INPUT DATA >>
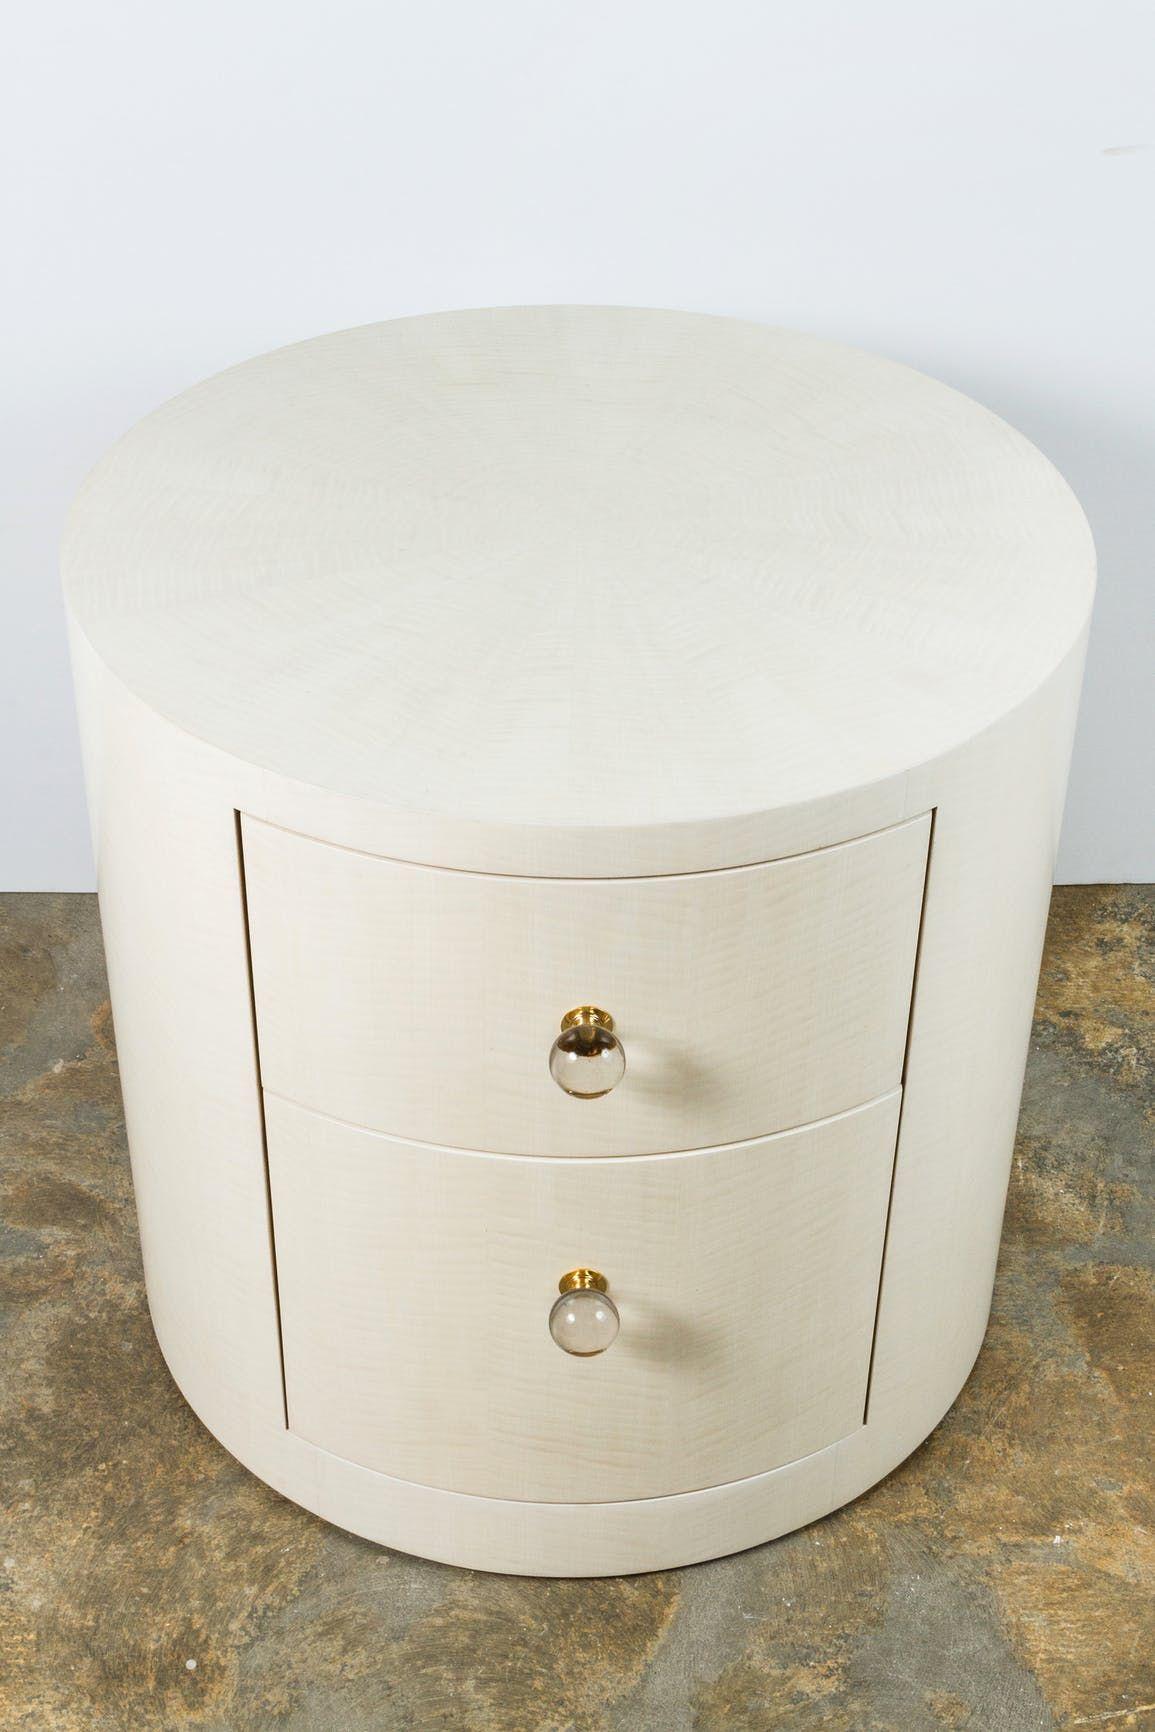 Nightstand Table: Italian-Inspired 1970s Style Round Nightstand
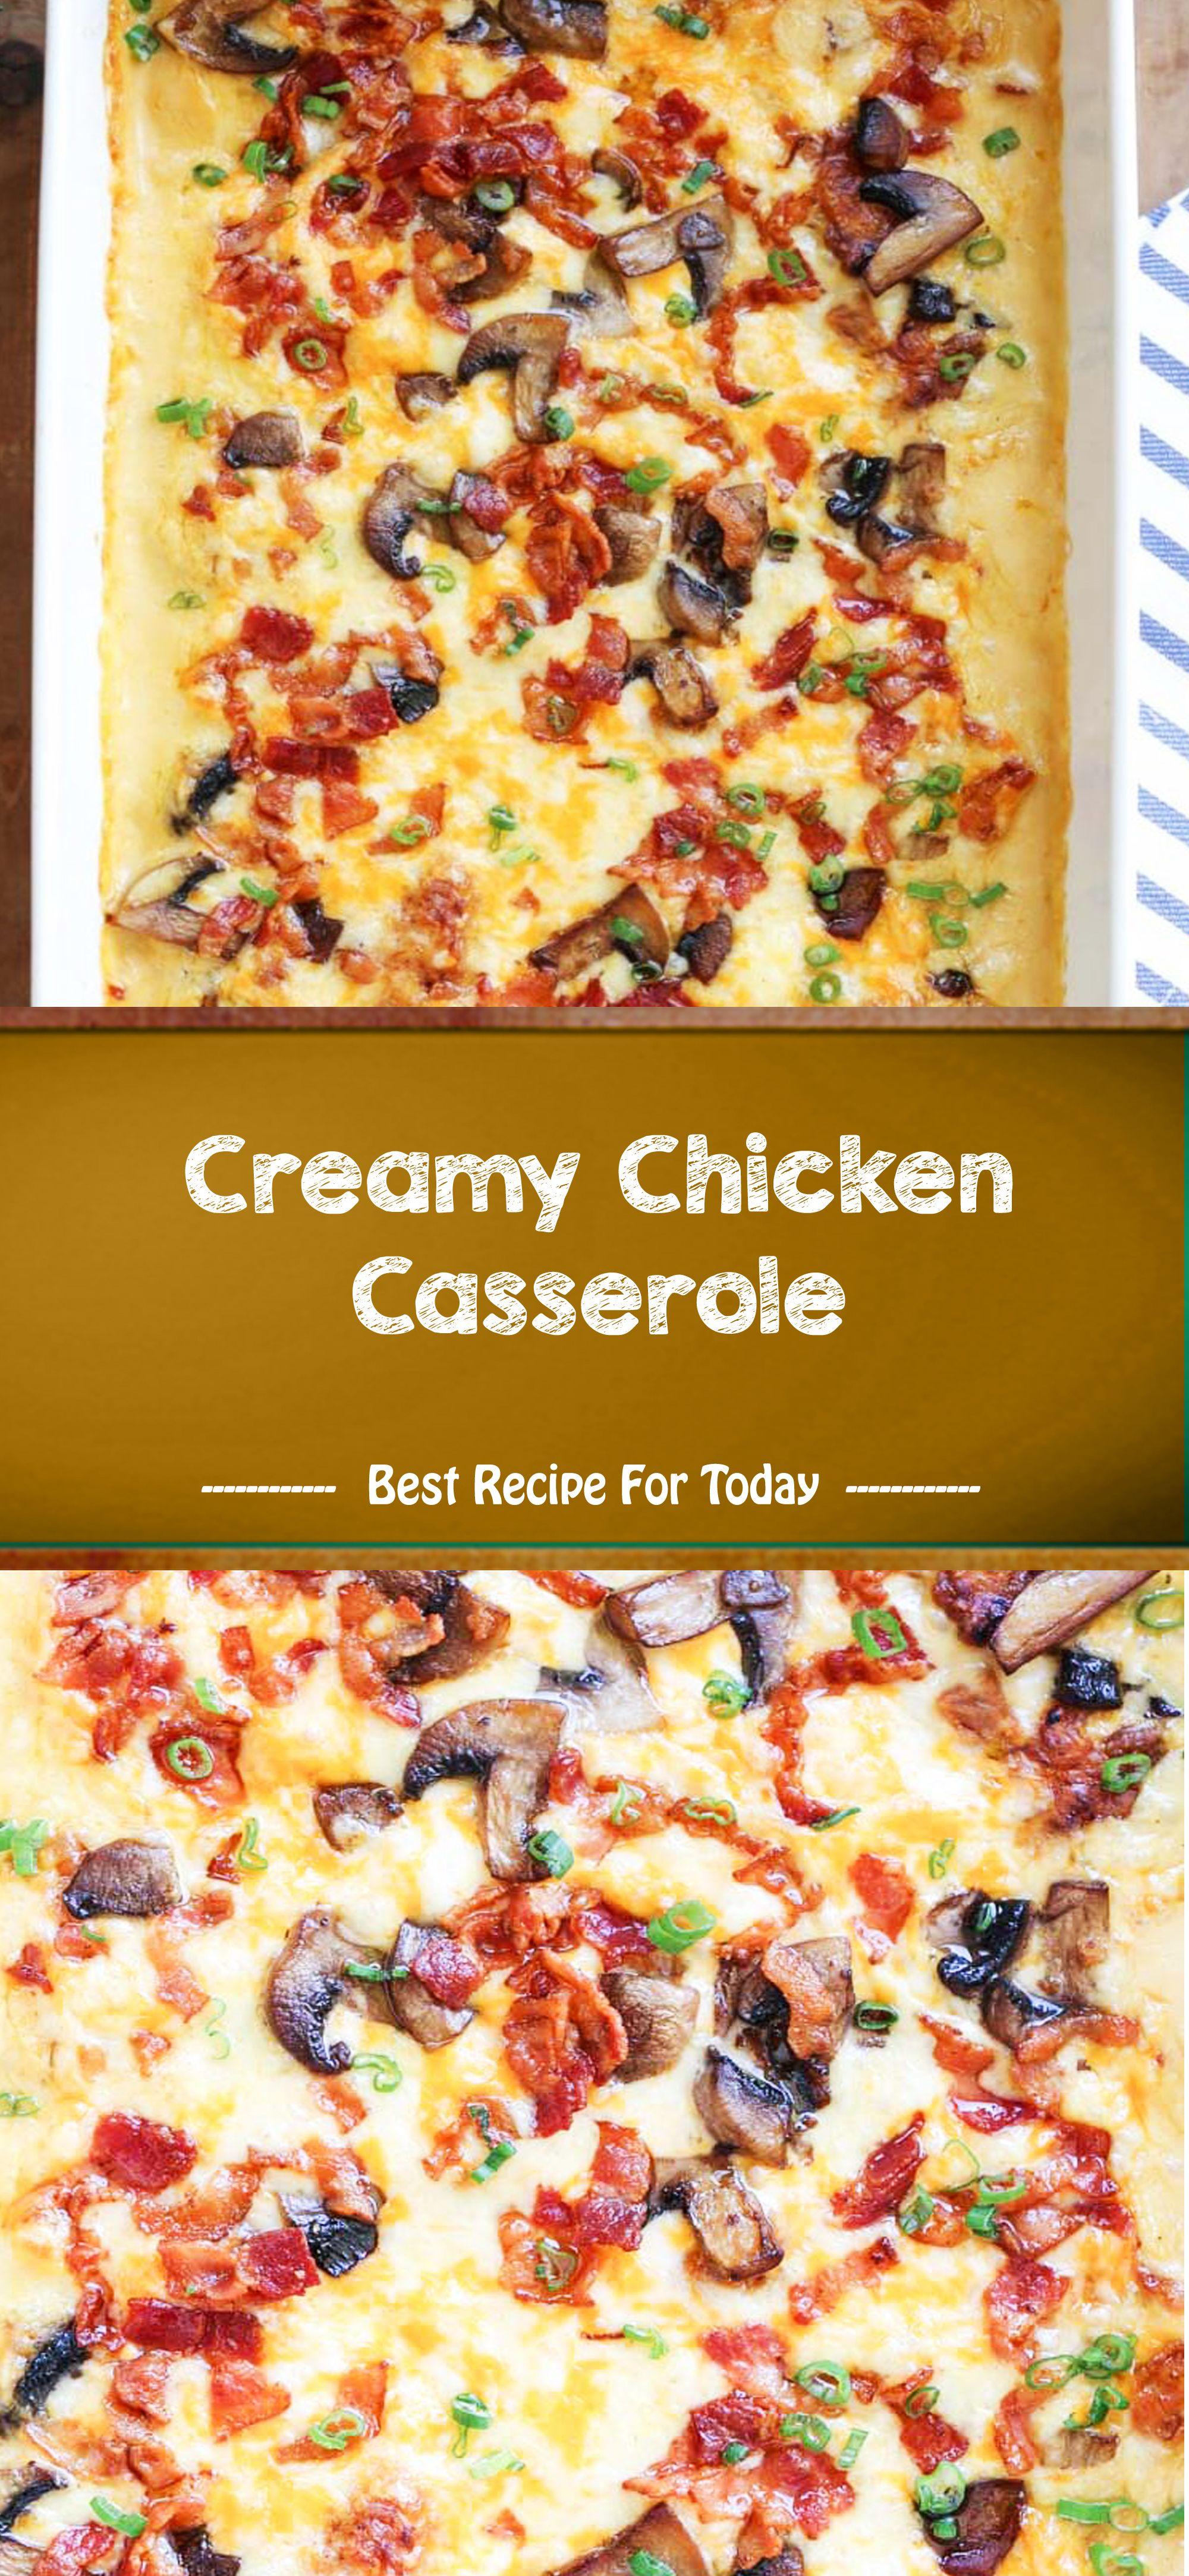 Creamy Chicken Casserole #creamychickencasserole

* * *

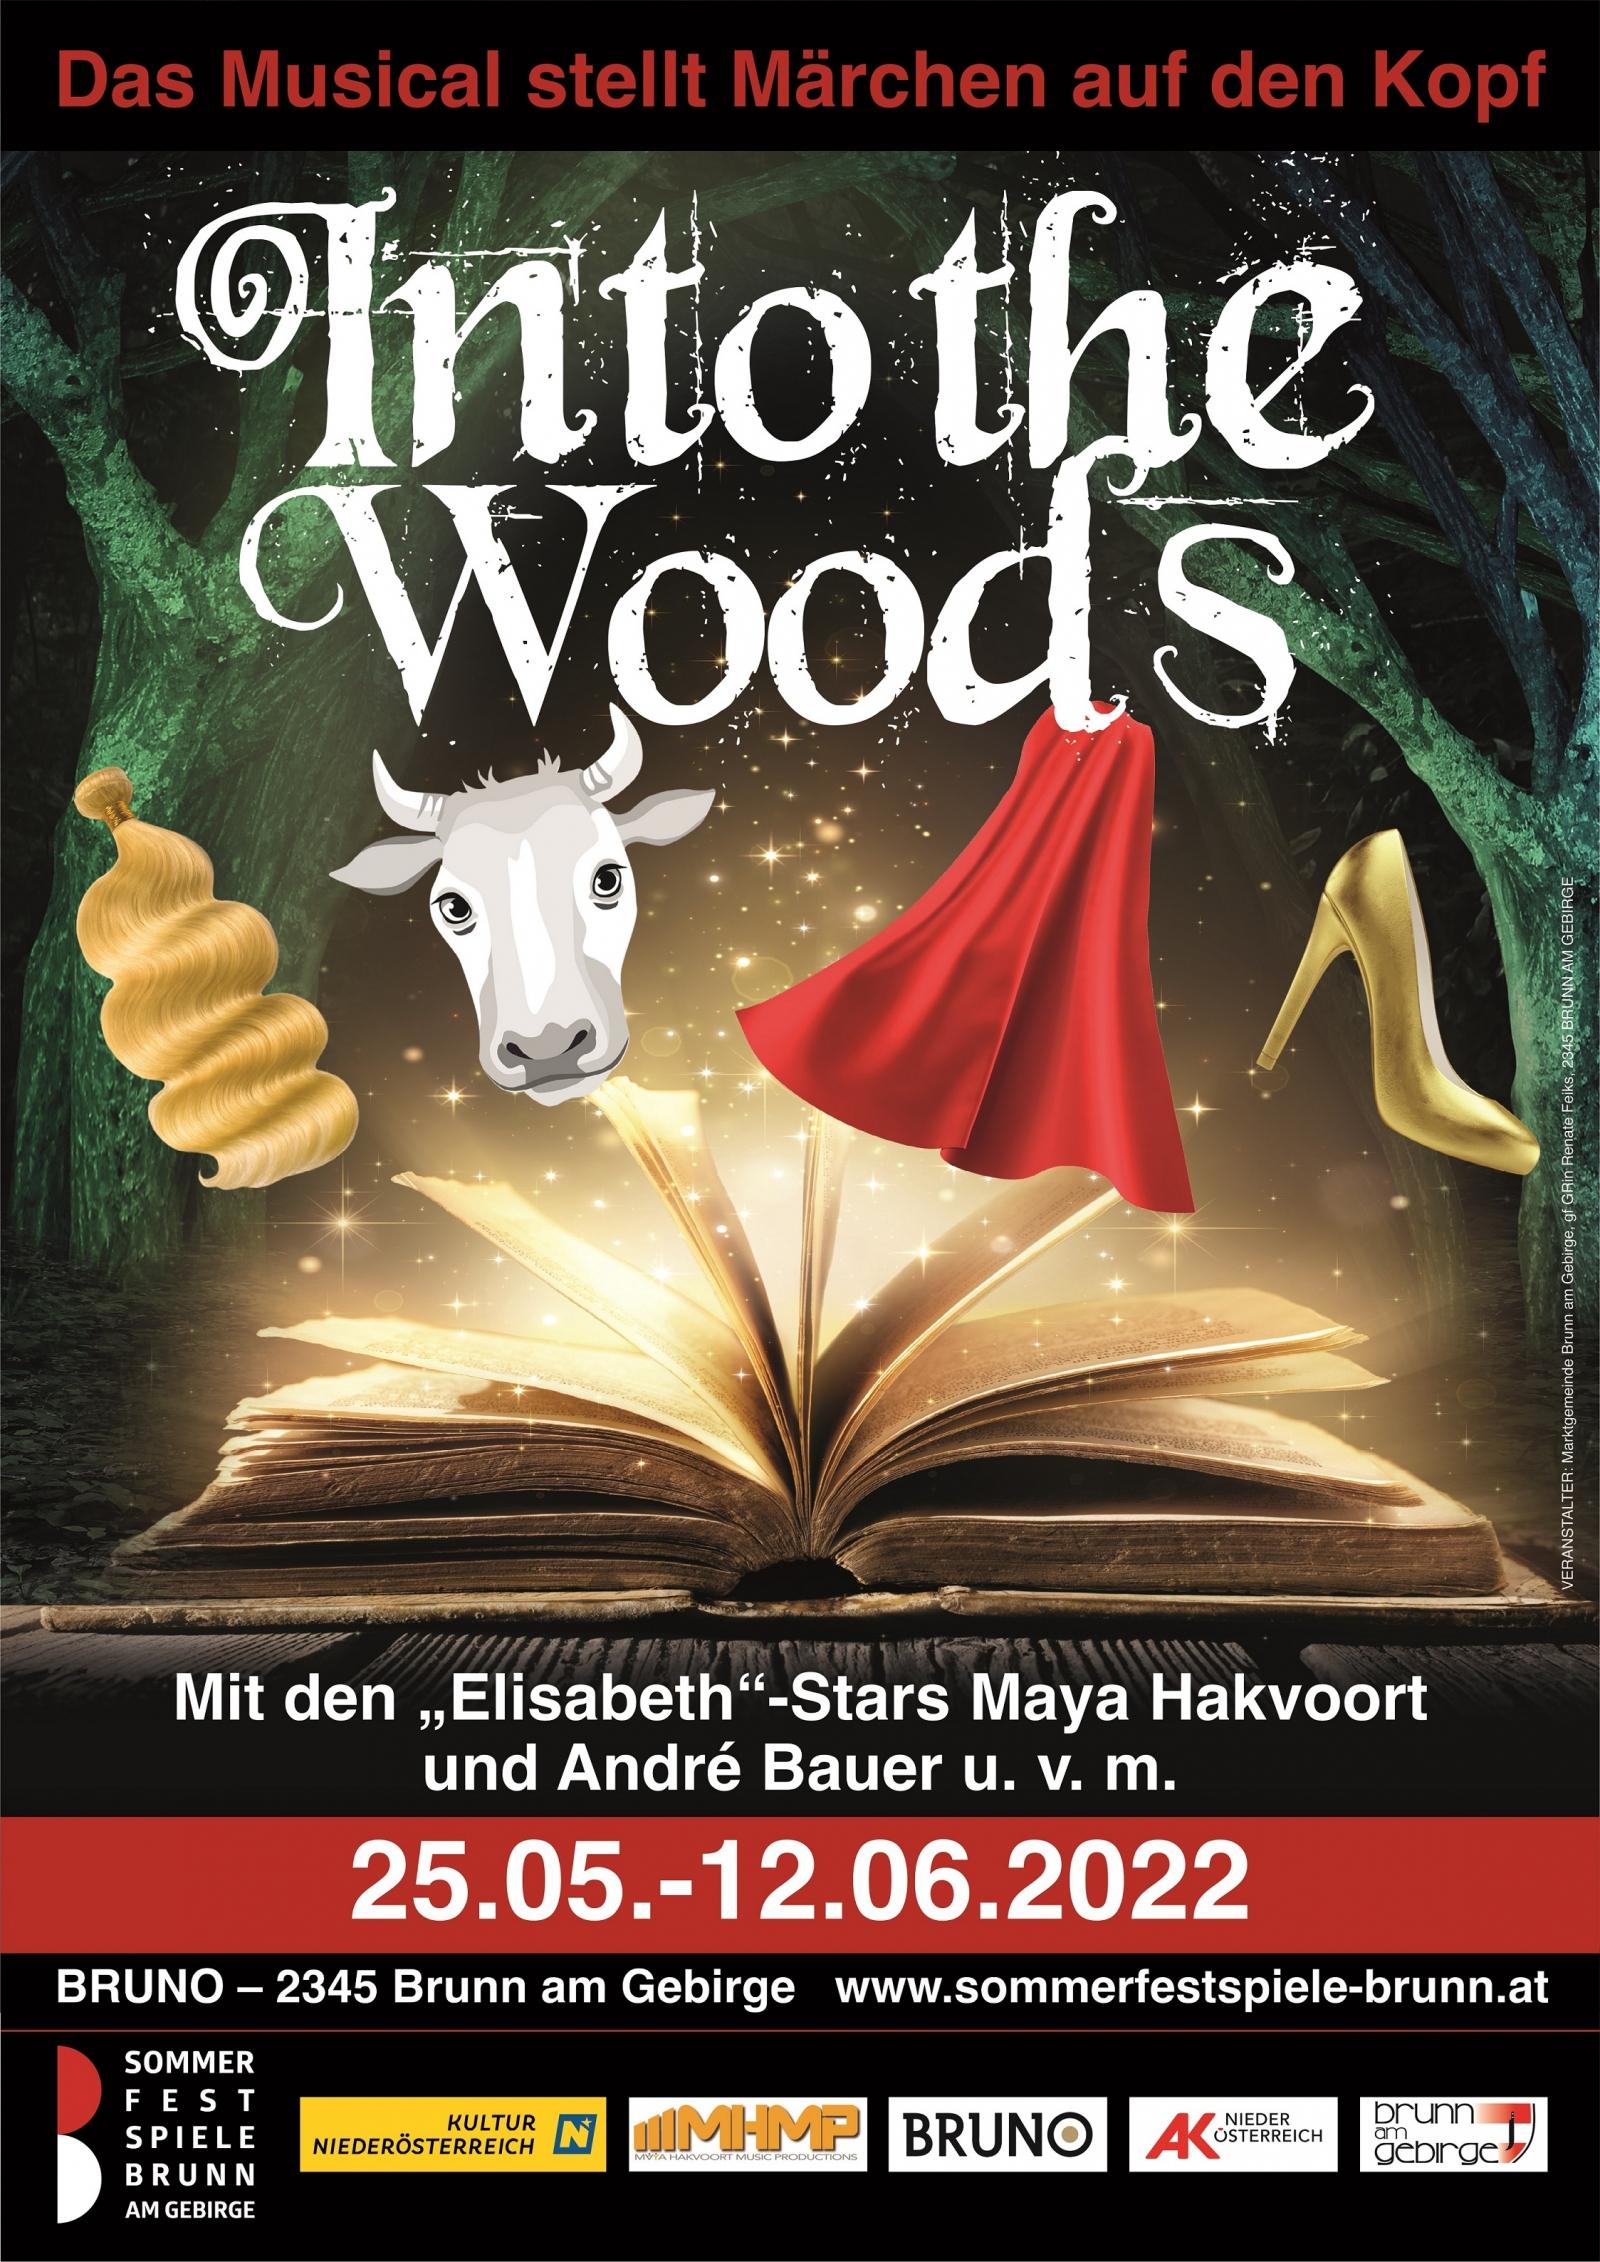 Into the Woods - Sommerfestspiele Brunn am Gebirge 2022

DIRECTIONS >>
Starting at the line with "Nightstand Table: Italian-Inspired" and finishing at the line with "Creamy Chicken Casserole", copy the material above exactly, both lines included. Nothing else goes in, and no pictures.

RESULT >>
 Nightstand Table: Italian-Inspired 1970s Style Round Nightstand
 Creamy Chicken Casserole #creamychickencasserole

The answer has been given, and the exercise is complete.